> What to work on
Nothing but the pictures is dropped; write out all the remaining data below exactly.

> Exercise data
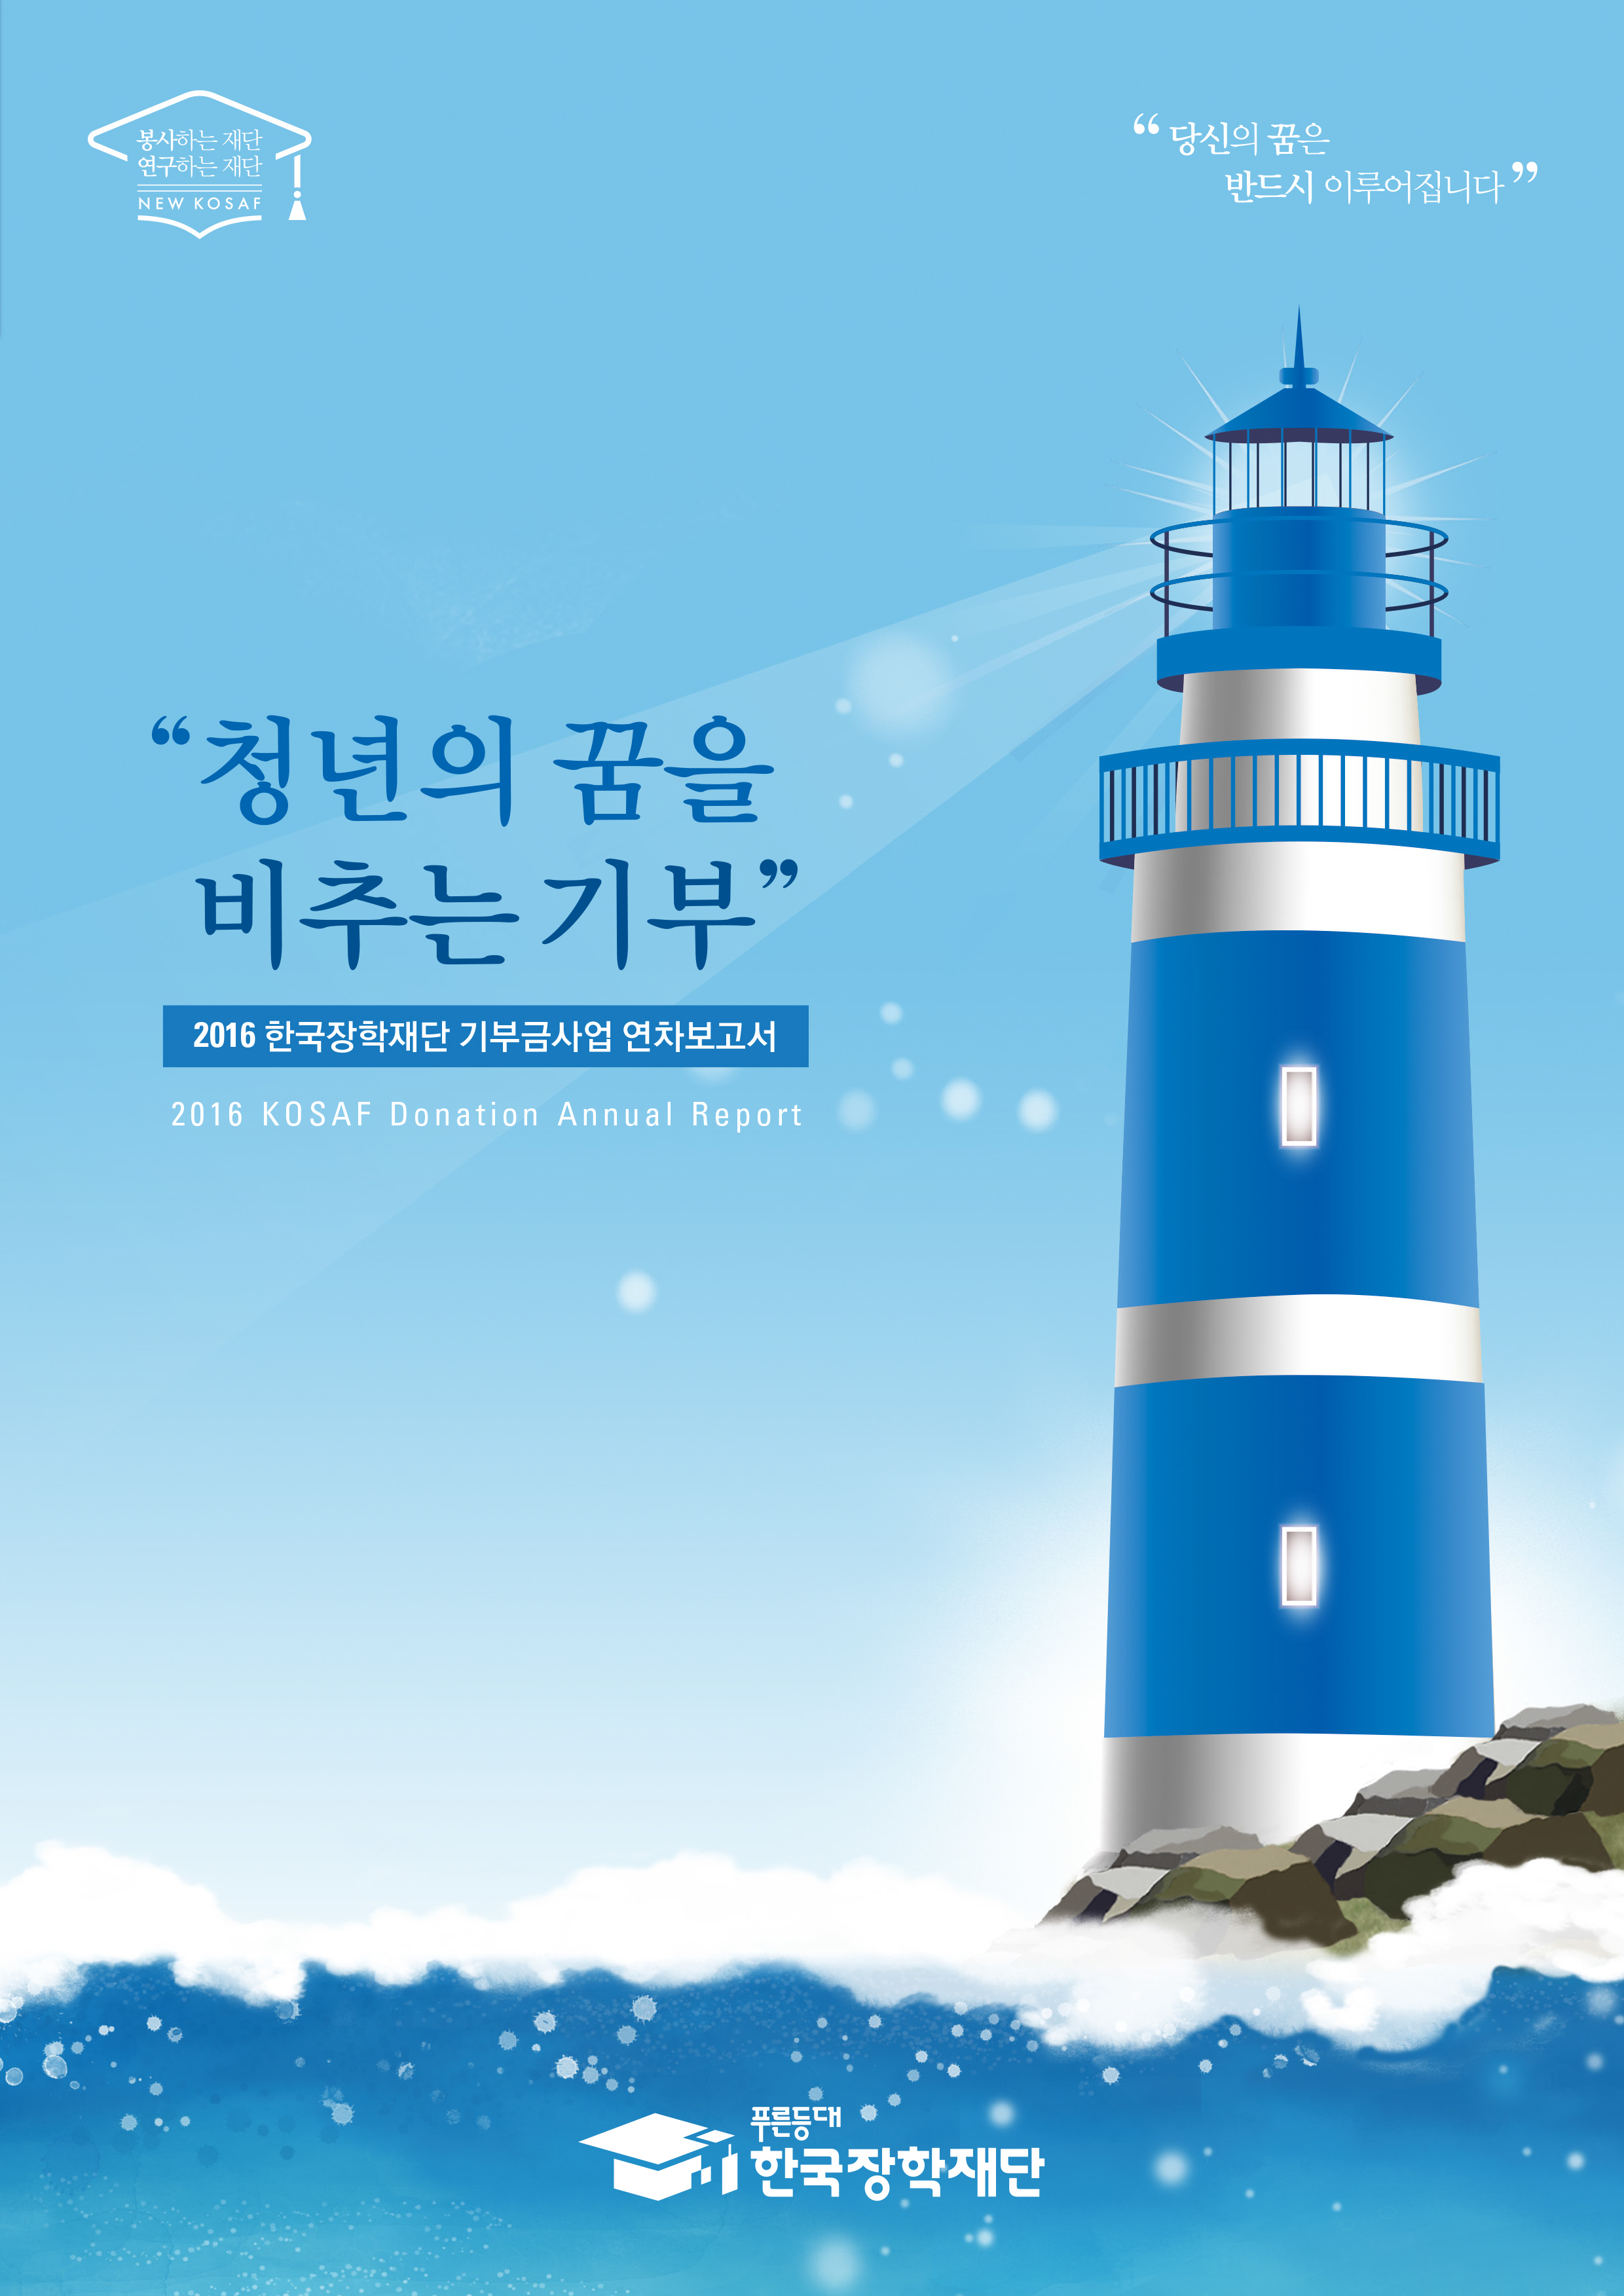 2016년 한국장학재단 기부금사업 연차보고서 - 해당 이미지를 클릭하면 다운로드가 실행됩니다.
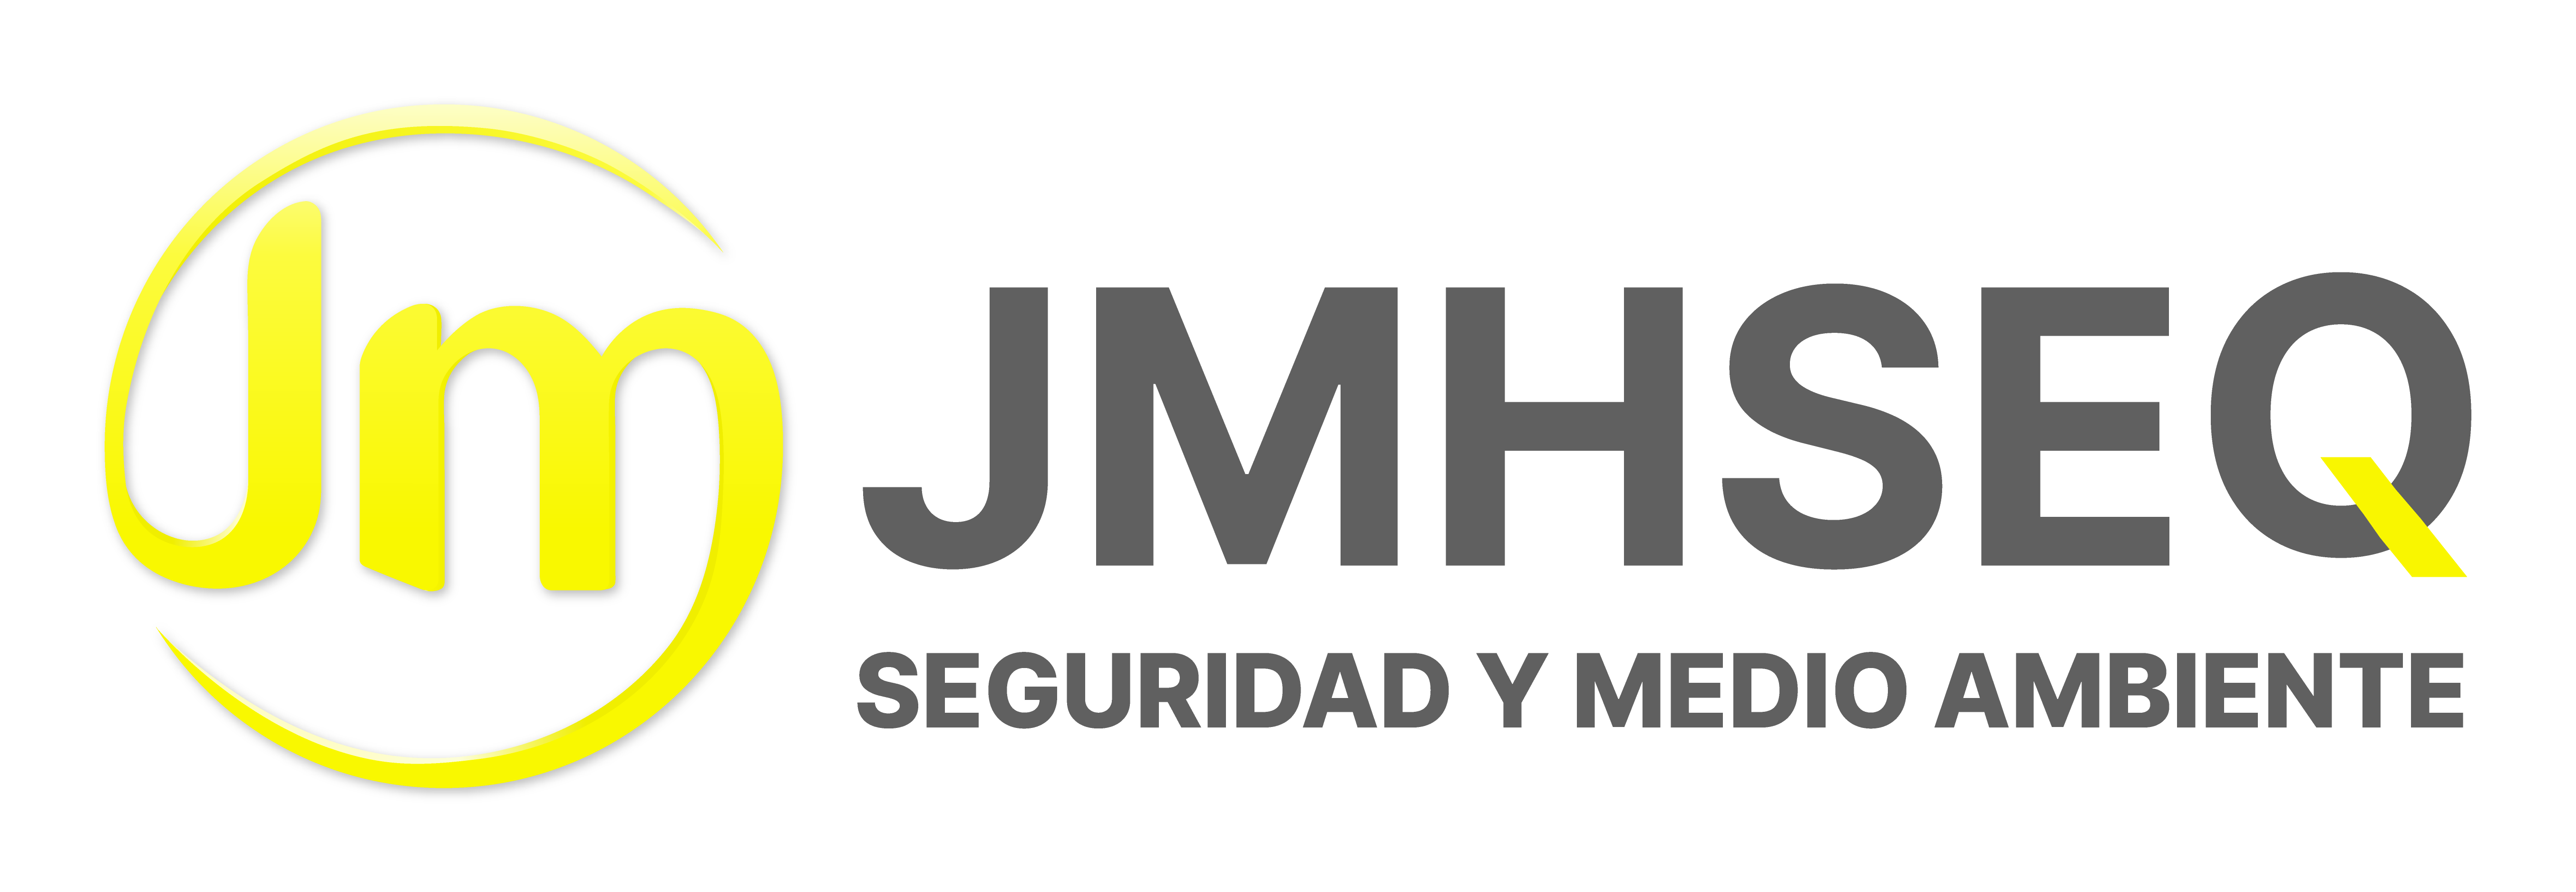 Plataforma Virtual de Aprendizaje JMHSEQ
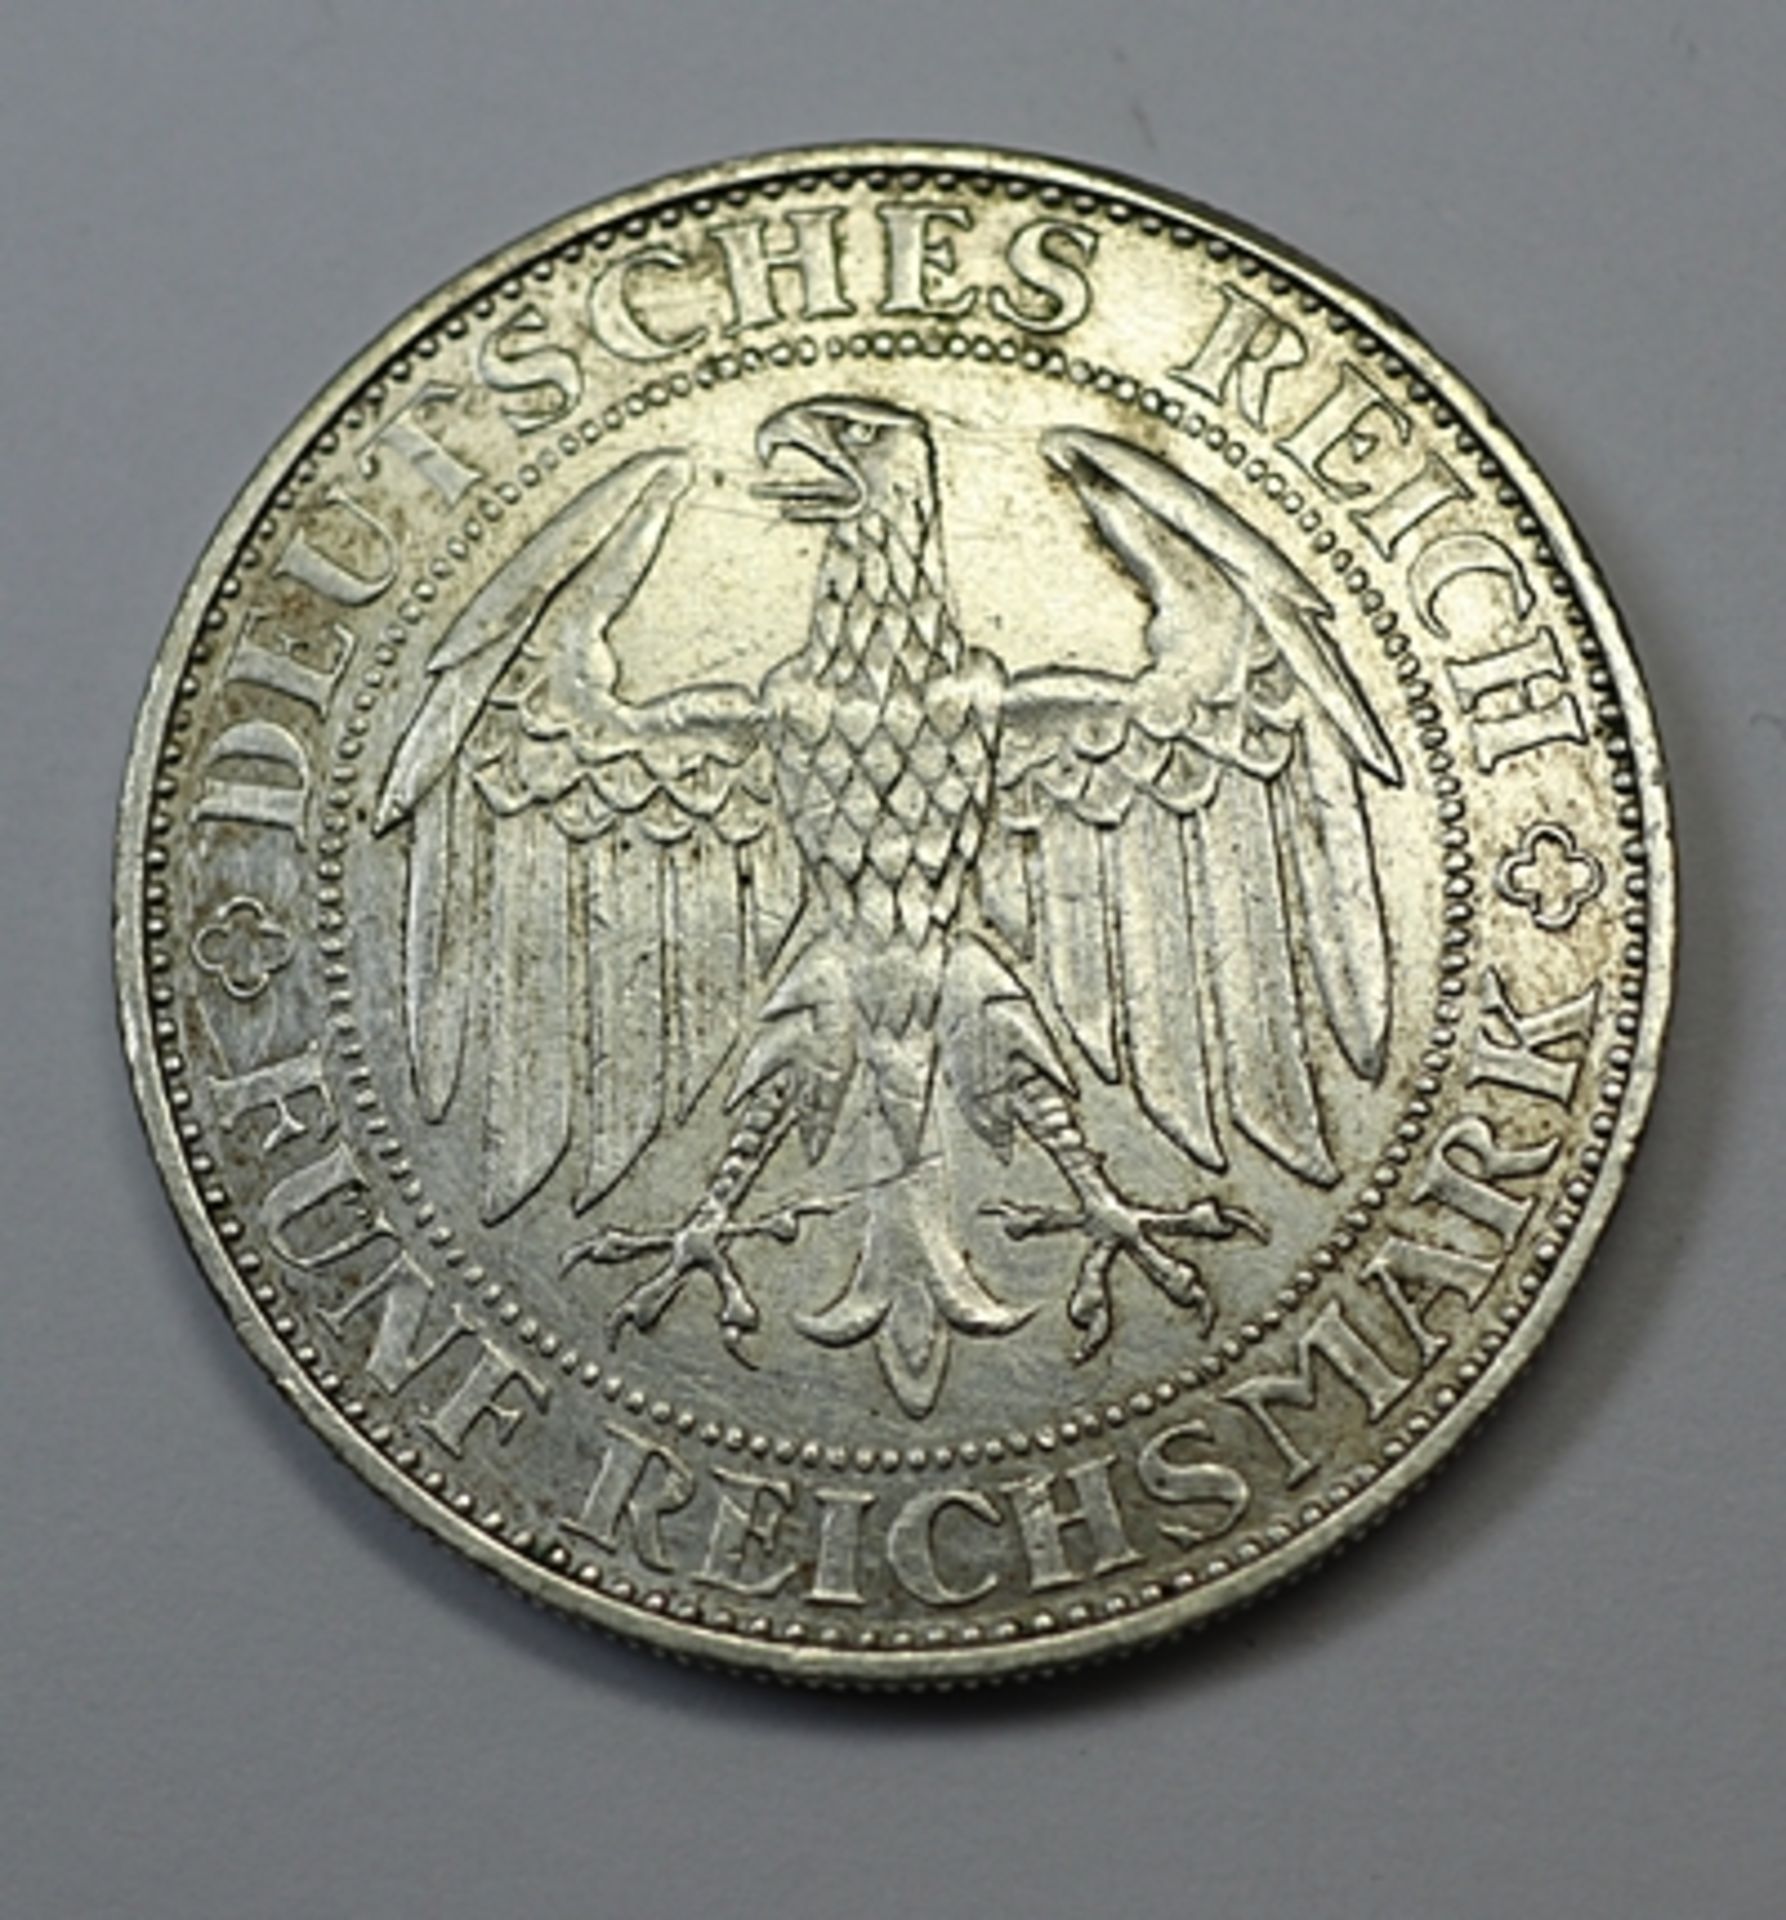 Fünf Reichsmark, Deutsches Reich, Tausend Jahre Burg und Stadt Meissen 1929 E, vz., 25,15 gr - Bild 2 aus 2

> Exercise solution
 2016년 한국장학재단 기부금사업 연차보고서 - 해당 이미지를 클릭하면 다운로드가 실행됩니다.
 Plataforma Virtual de Aprendizaje JMHSEQ
 Fünf Reichsmark, Deutsches Reich, Tausend Jahre Burg und Stadt Meissen 1929 E, vz., 25,15 gr - Bild 2 aus 2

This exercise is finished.